Brands that fall out of step with what consumers want—even stellar ones—can recover with the right insights and repositioning.

Ideally, CPG brands and retailers remain relevant to consumers over time. Foods with healthier formulas and stores that supply iPads for omni-channel shopping are two recent examples that help them do that today.

A look back shows that even stellar brands can lose sight of what matters most to their users. Consider Kodak, which was one of the first to digital but let the world pass it by. Or Borders, a recent victim of Amazon and e-reader technology. Or countless other names that once held sway, but failed to change with their markets and suffered.

By contrast, Cadillac has rediscovered its mojo with a new voice driven by a 28-year-old woman at the Fallon agency it hired. Kicking dust off the brand’s stodgy image, Veda Partalo brings an edgier look and new sensibilities that help Cadillac compete against racier imports.  According to Fast Company, she’d rather emphasize “quantifiable evidence of craftsmanship” such as the car’s superior head-to-head racetrack performance results against BMW.  And she herself is a bridge between her generation and the quality they associate “with their grandparents’ era.” Sales sped up 36% since the agency took over the campaign, the account said.

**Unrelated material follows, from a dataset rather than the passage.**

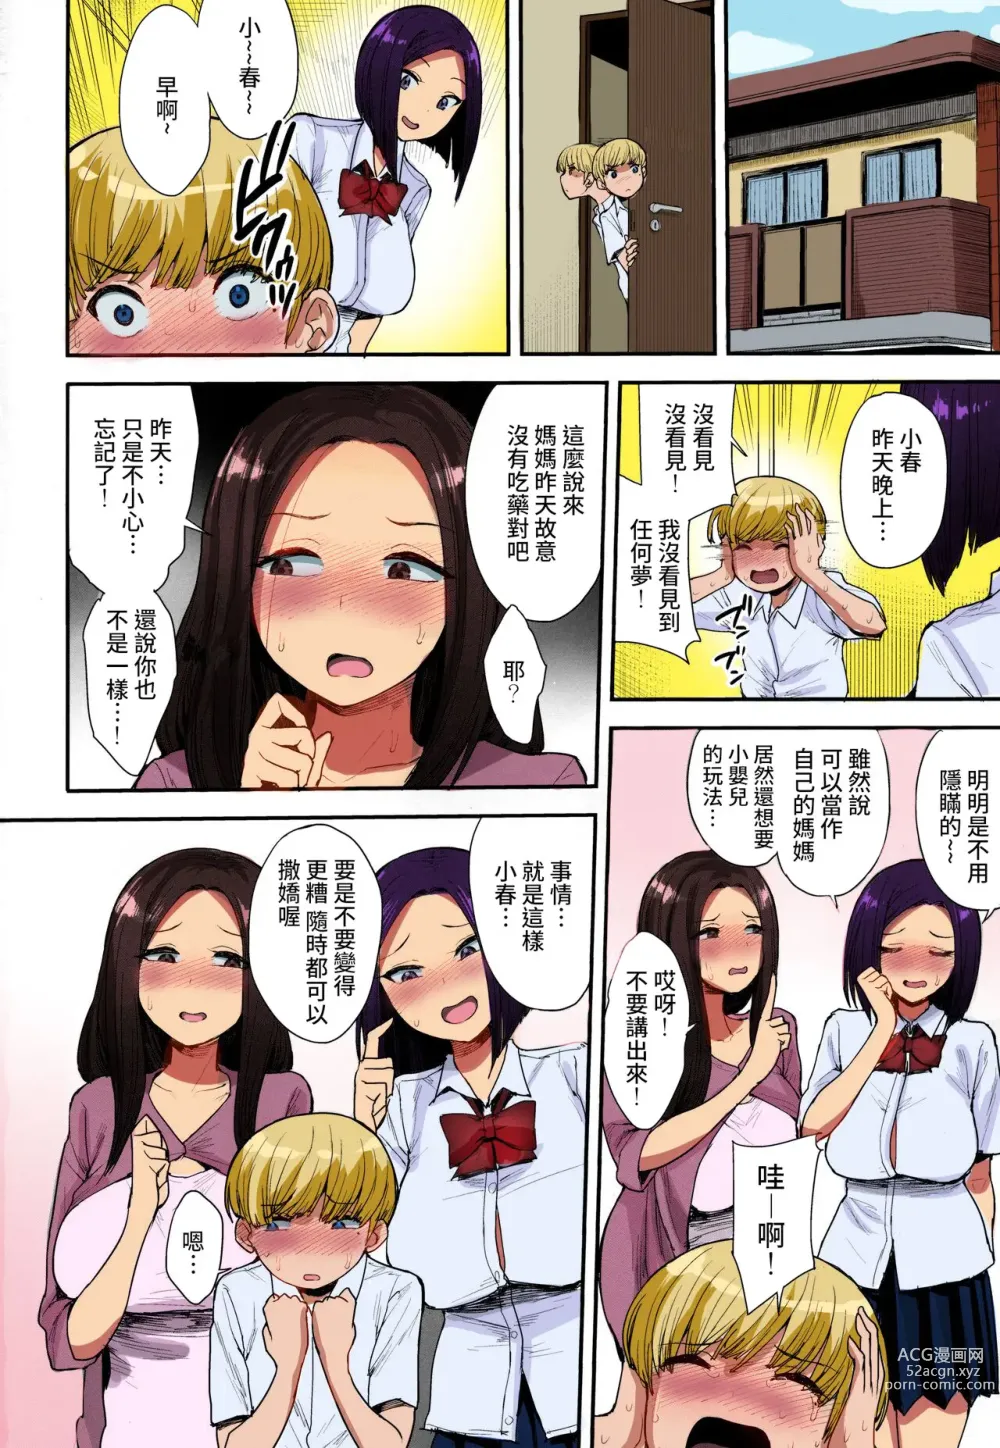 Page 29 of doujinshi 魅魔鄰居 (decensored)

The Lempert Report thinks plenty of food and retailer brands could benefit from fresh air like this. It doesn’t mean trying to launch a New Coke to be dramatic. Rather, we’re talking about honoring what made (and continues to make) your brand great, and wrapping that within messages and experiences that consumers want today. Every aspect of a brand—from product formulations to packaging to advertising—should be re-evaluated. And when out of step with consumer demand, reinvented. Insights are essential to these efforts because it must be consumers who drive them.